Is a function with everywhere discontinuities of the second kind always measurable?

Let $f : [0,1] \to \left\{ 0, 1 \right\}$ be a function that has at each point a discontinuity of the second kind. Is $f$ measurable if we equip the domain with the Borel or even Lebesgue $\sigma$-algebra and the range with the discrete $\sigma$-algebra?

The indicator of the Cantor set is not a counterexample since it is not discontinuous everywhere. The indicator of the rationals is nowhere continuous and is measurable.

This can be helpful in order to search for counterexamples: If $A \subseteq [0,1]$ is a set such that both $A$ and $[0,1] \setminus A$ are dense in $[0,1]$ then the indicator of $A$ is nowhere continuous. So, the question can be weakened: Is every such set $A$ necessarily measurable?

Wikipedia says that the set of discontinuities is an $F_\sigma$ set, thus a countable union of closed sets and therefore Borel measurable.

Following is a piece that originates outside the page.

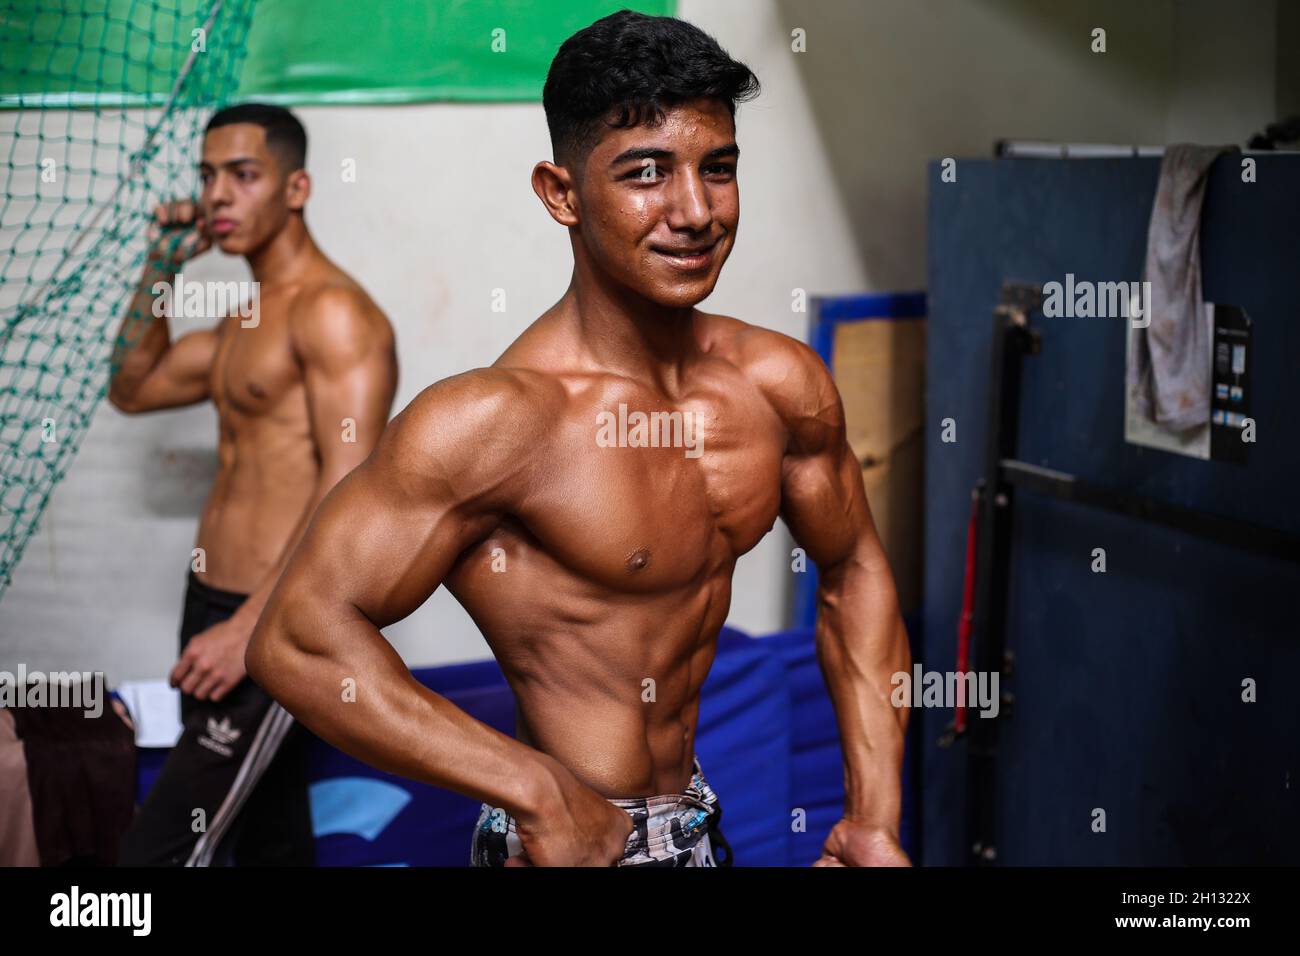 Un atleta mostra i suoi muscoli del corpo durante il campionato. La  federazione palestinese di bodybuilding & fitness ha organizzato  bodybuilding e campionato fisico nel club sportivo di Gaza, a nord della

In our case it is the whole interval $[0,1]$, so this statement doesn't help.

• (1) How do you topologize $\{0,1\}$? (2) What's the second kind of discontinuity? – Asaf Karagila Oct 23 '14 at 11:53
• $\{ 0, 1 \}$ as a subset of $\mathbb{R}$, so discrete topology. A point x is discontinuity of the second kind is such that both the left limit and the right limits of $f$ at $x$ do not exist. – yadaddy Oct 23 '14 at 11:56

Using the axiom of choice we can construct a Bernstein set, which is a set $A\subseteq[0,1]$ such that no perfect set is a subset of $A$. The construction is such that $[0,1]\setminus A$ is also a Bernstein set, and $A$ meets every perfect set, but contains none. We list all the perfect sets (there are $2^{\aleph_0}$ of them, and we use the smallest possible order type) then we choose from each one two points, one which will enter $A$ and the other which will not. At each step we only chose $<2^{\aleph_0}$ points, so we can continue and choose new points at each step. This ensures that $A$ and its complement are both meeting every perfect subset of $[0,1]$ (and therefore neither contains any).
In particular $A$ is dense co-dense and not measurable. Not Lebesgue and certainly not Borel measurable.